EXERCISE GOAL: The entries below hold a line with "Good condition." and a line with "At the center". Return those lines and all that lie between them, exactly and only.

GIVEN ENTRIES:
──────
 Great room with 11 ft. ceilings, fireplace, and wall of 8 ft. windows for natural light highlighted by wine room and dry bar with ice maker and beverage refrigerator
──────
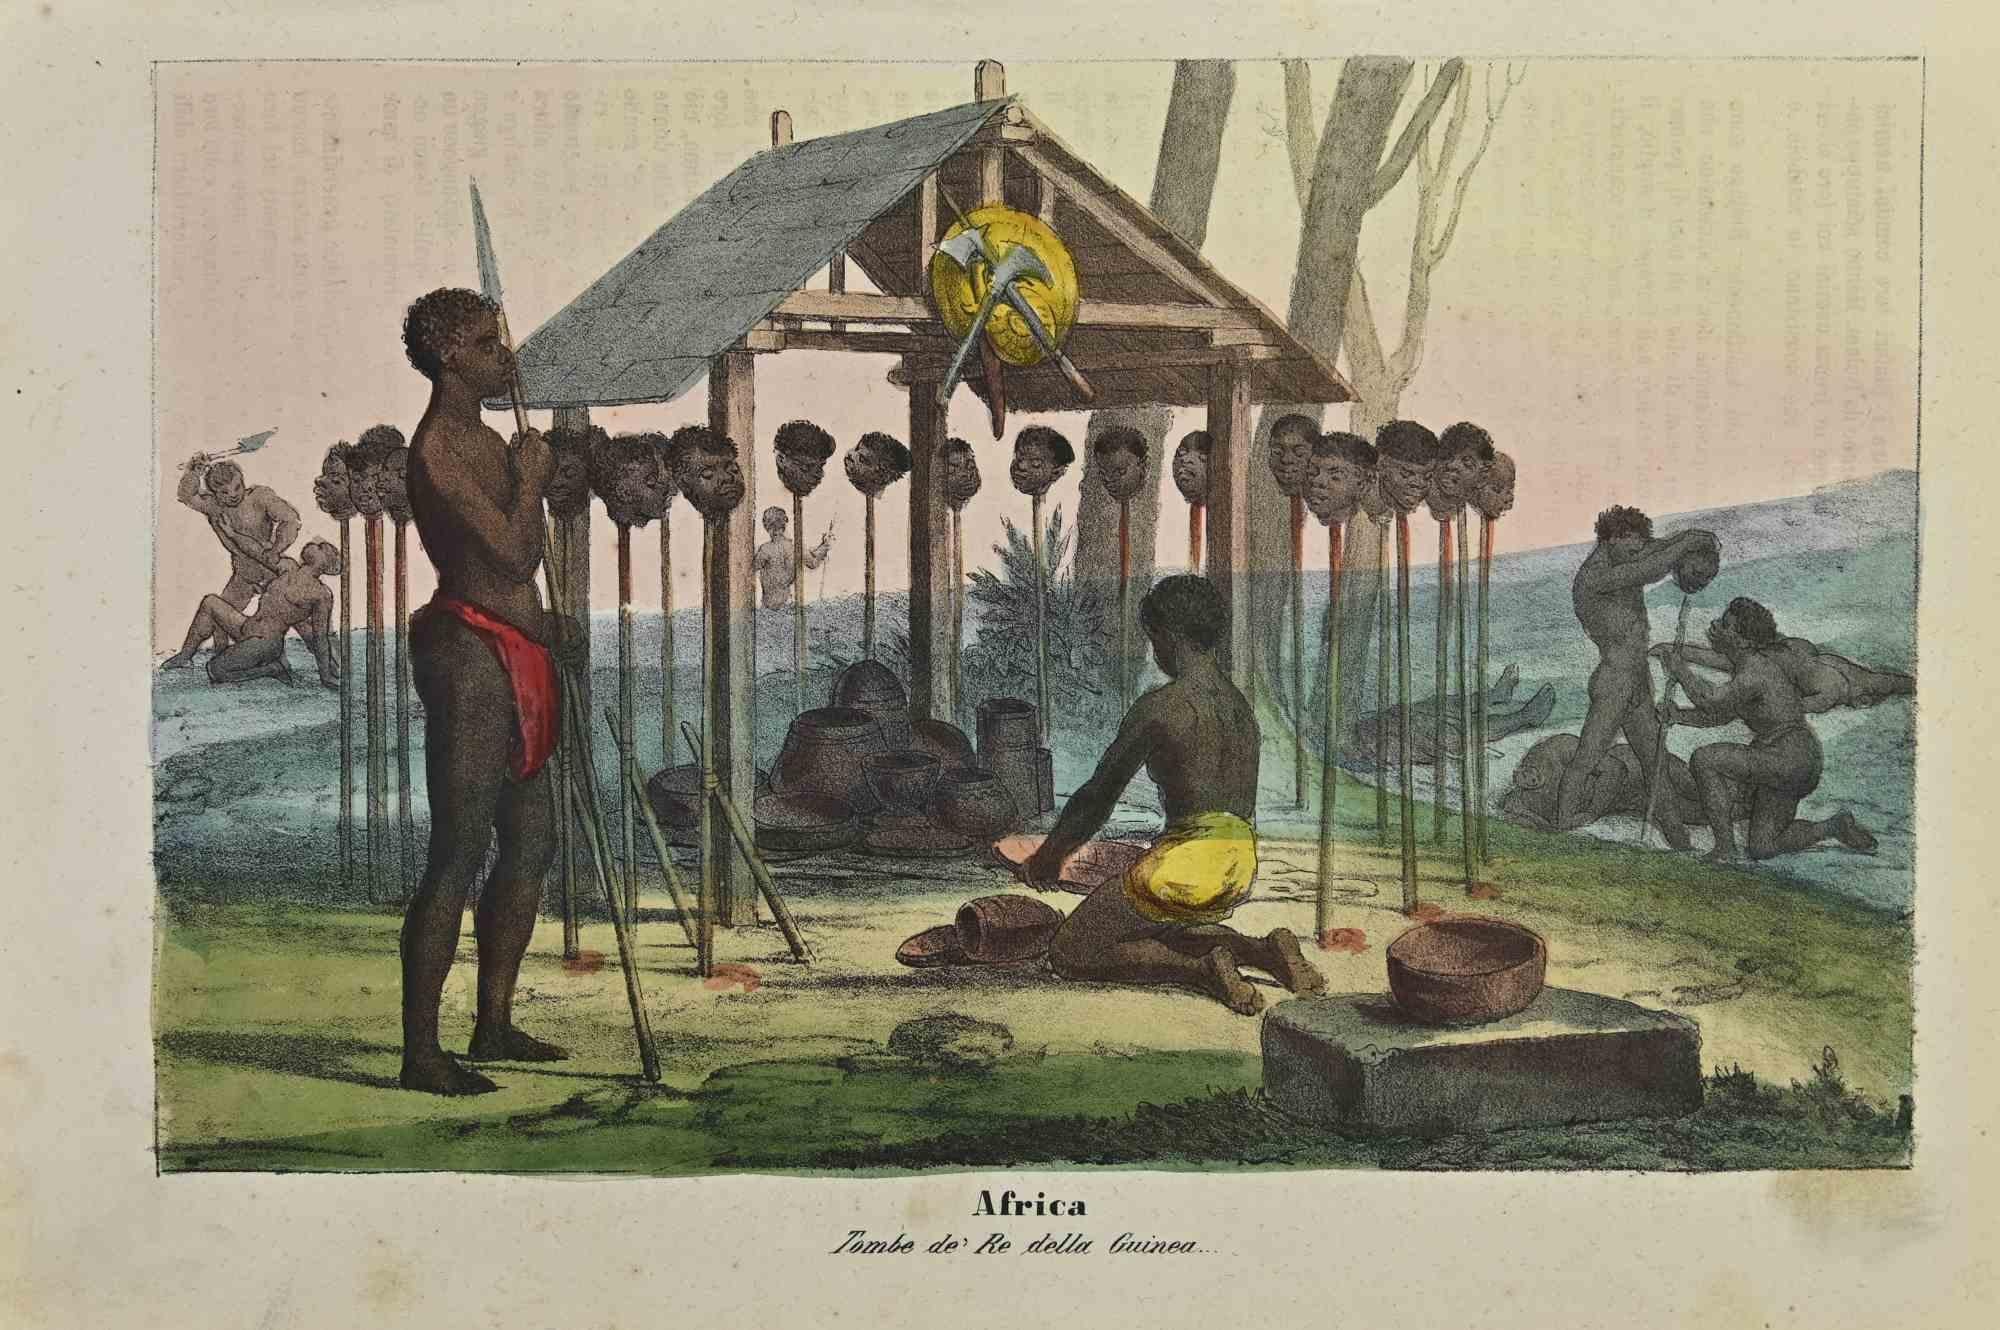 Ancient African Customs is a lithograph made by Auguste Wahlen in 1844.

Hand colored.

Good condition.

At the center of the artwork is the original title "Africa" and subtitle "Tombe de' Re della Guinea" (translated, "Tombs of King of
──────
ANSWER FOR THIS EXERCISE:
Good condition.

At the center of the artwork is the original title "Africa" and subtitle "Tombe de' Re della Guinea" (translated, "Tombs of King of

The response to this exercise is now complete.